- Born: 1265?
- Died: 23 August 1335
- Known for: Christian mysticism

= Heilwige Bloemardinne =

Christian mystic (1265?–1335)

Heilwige Bloemardinne (1265? – 23 August 1335) was a Christian mystic who lived in Brussels and was loosely associated with the Brethren of the Free Spirit. She was also known as Heilwijch Blomart and Bloemardine.

She was the daughter of a wealthy merchant, Wilhelm Bloemart, one of the most consistently powerful figures in the municipal government of Brussels. She is differentiated from earlier teachers such as Aleydis (executed, Cambrai, 1236) or Marguerite Porete (executed, Paris, 1310) by the support she enjoyed from the secular authorities which made her untouchable by the Inquisition. Some idea of her prestige is given by the fact that, on her death, the silver chair upon which she sat when instructing disciples was given to the Duchess of Brabant. This chair was popularly believed to possess miraculous powers derived from its association with her. According to Professor Cohn she was popularly revered as a living saint.

She is known to have written a book because John of Ruysbroeck also known as John of Ruusbroec attacked it calling by it heretical, but no copy seems to have survived. Ruysbroeck does not bring himself to refer to her by name but calls her Pseudo-Hadewijch. One view is that John of Ruysbroeck's time as a priest in Brussels was brought to an end by being driven out by supporters of Bloemardinne. These grounds for personal animosity make it hard to know if the views he attributes to her are fairly stated.

The view that can most confidently be attributed to her is the doctrine of seraphic love - that melting into God is a possibility and that a blissful foretaste of paradise is available to the earth-bound. "At the head of the sect in Brussels was a certain woman, who excited such admiration among the people that they believed that two seraphim accompanied her when she approached the Holy Table." Accusations that this spilled over into incitement to sensual indulgence were levied at Bloemardinne or those who claimed to follow her.

Another view which Ruysbroeck attributes to her followers is that of complete passivity before God. "Thus they are poor in spirit for they are without will of any sort having forsaken everything and making no choices of their own." This has echoes of Marguerite Porete's annihilation of souls. Another similarity to Porete may be the method of disseminating her views among the population. If Ruysbroeck's attacks are accurate, Bloemardinne produced pamphlets which acted as teaching summaries from which travelling teachers could expound these lessons to the poor. Parts of the Mirror of Simple Souls read as if they began with this purpose in mind, particularly as the words 'reader' and 'hearer' are used indiscriminately.

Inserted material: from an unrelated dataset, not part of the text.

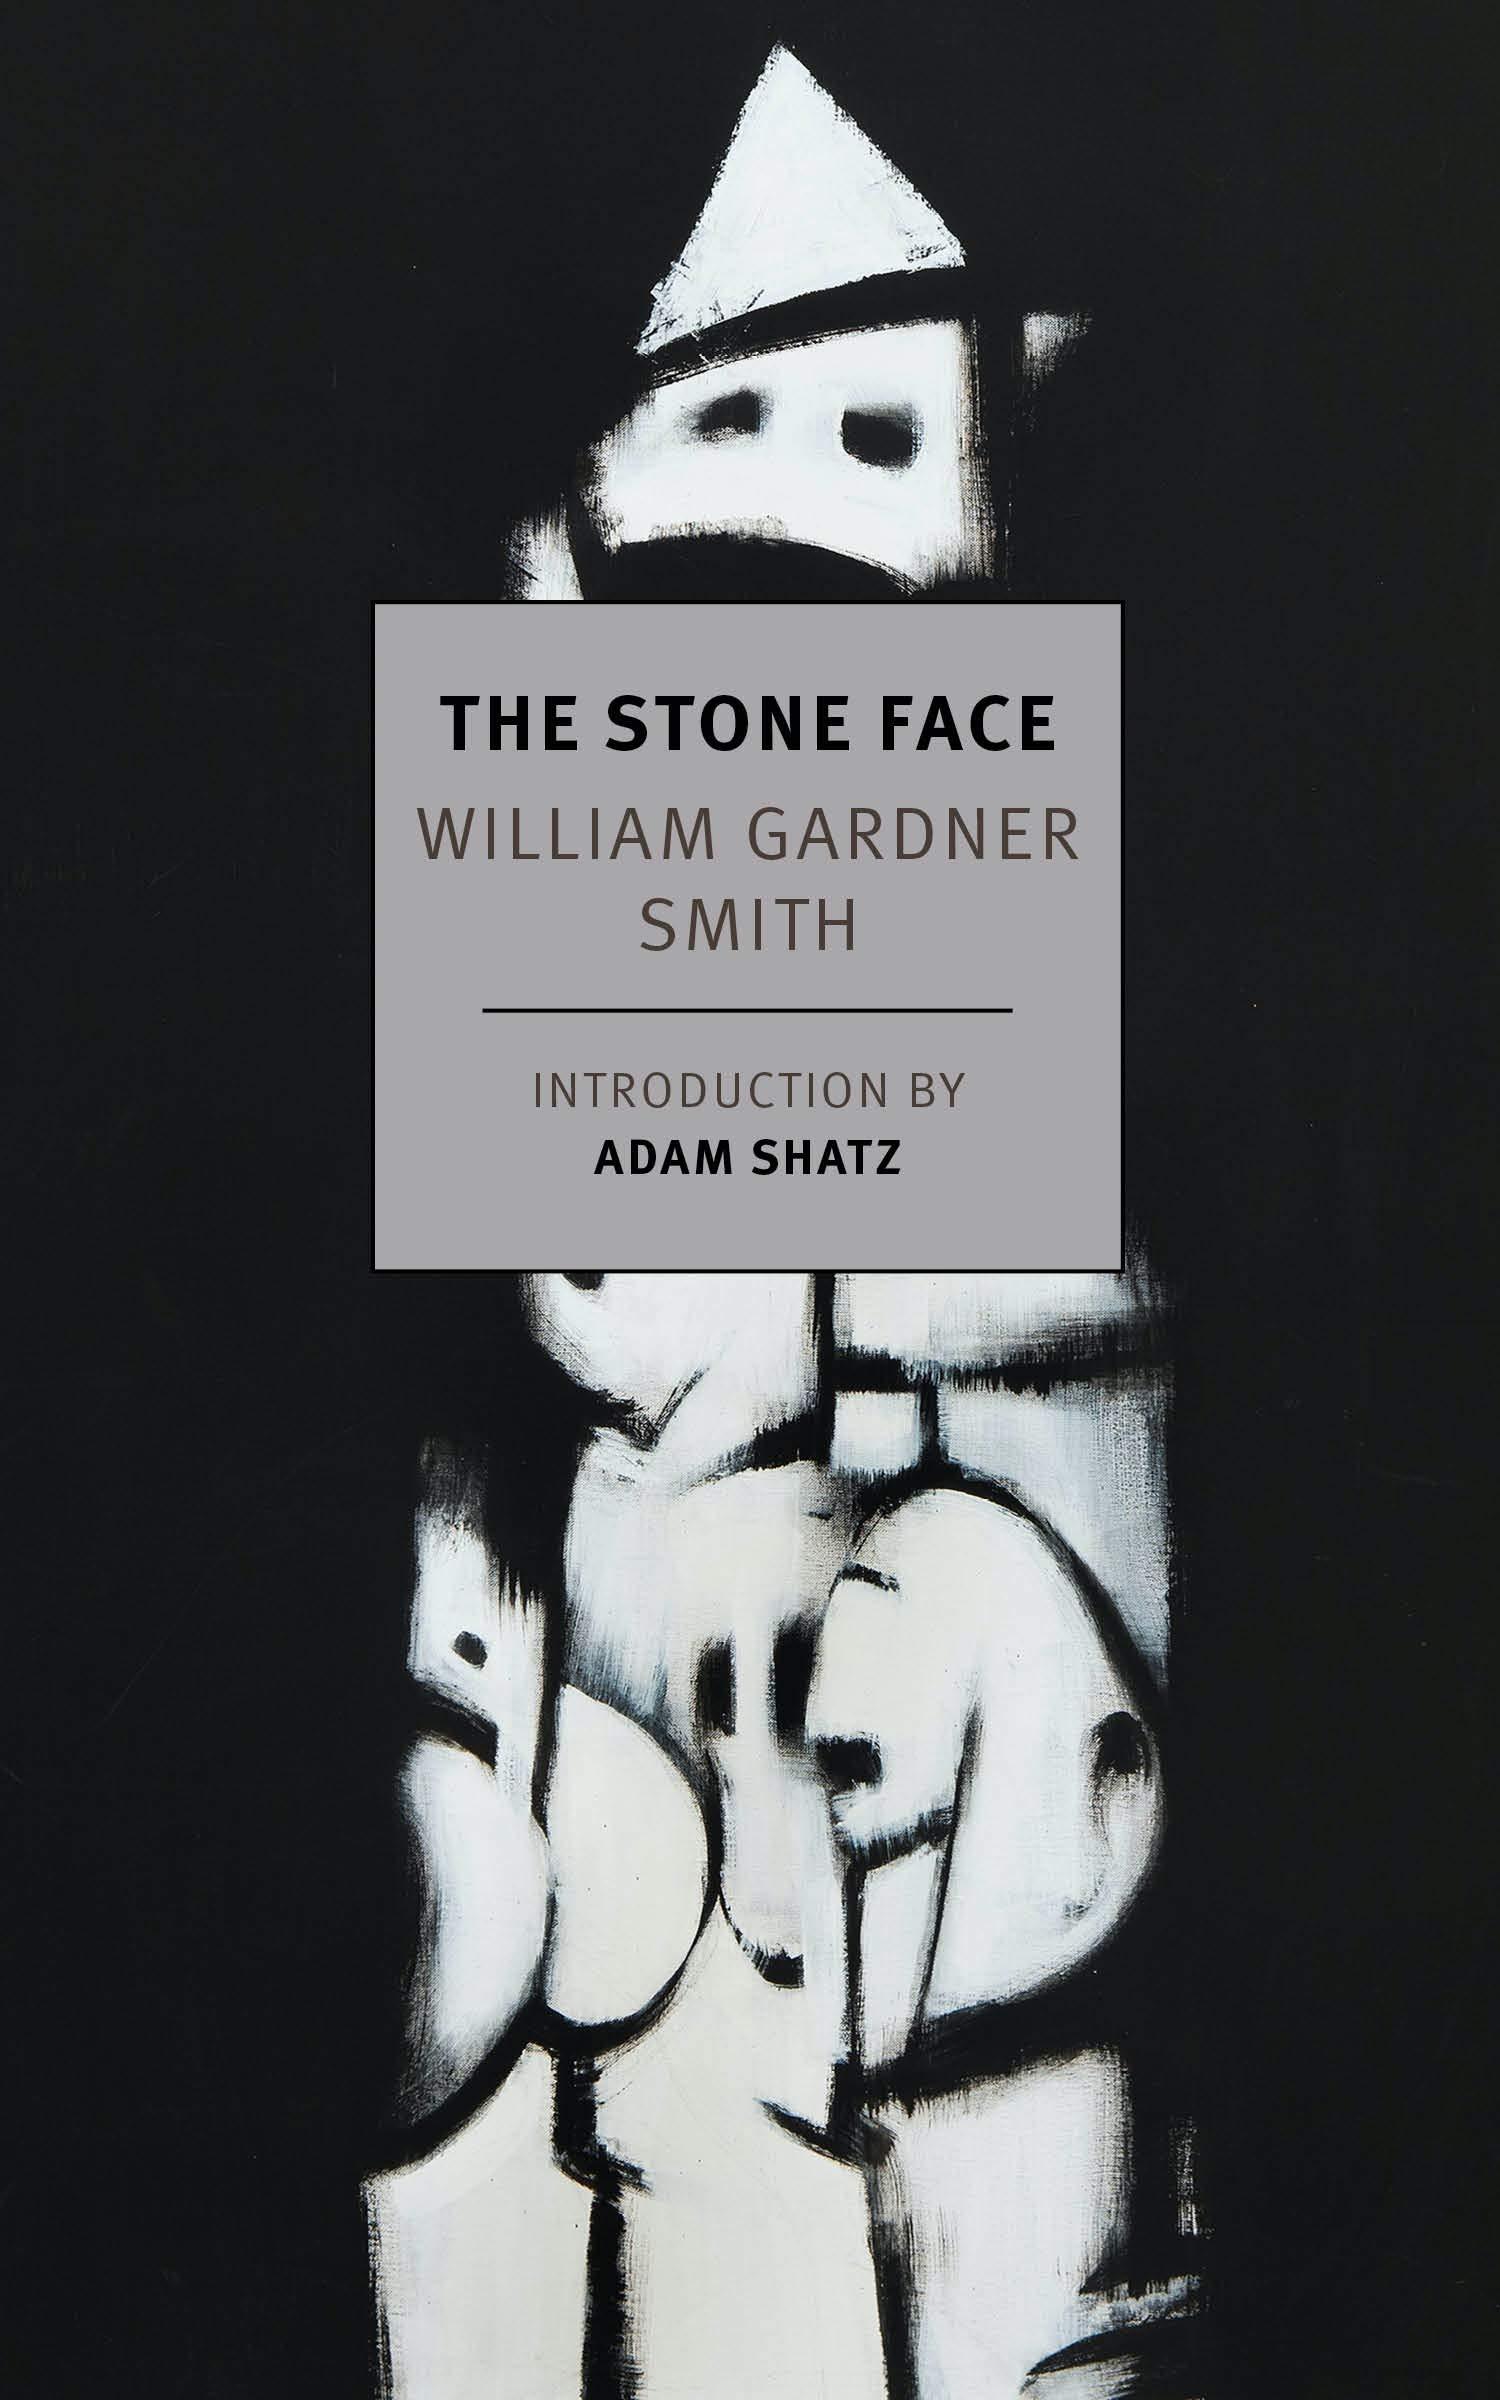 William Gardner Smith, The Stone Face

Heilwige Bloemardinne seems to be developing a tradition started more conservatively by Beatrice of Nazareth of whom it was said, "in all her deeds and thoughts, she neither feared nor was in awe of men, nor devil, nor angel, nor even divine judgment."

The movement spread and seems to have inspired Jeanne Dabenton who led the "Society of the Poor" in Paris and was executed there around 1372.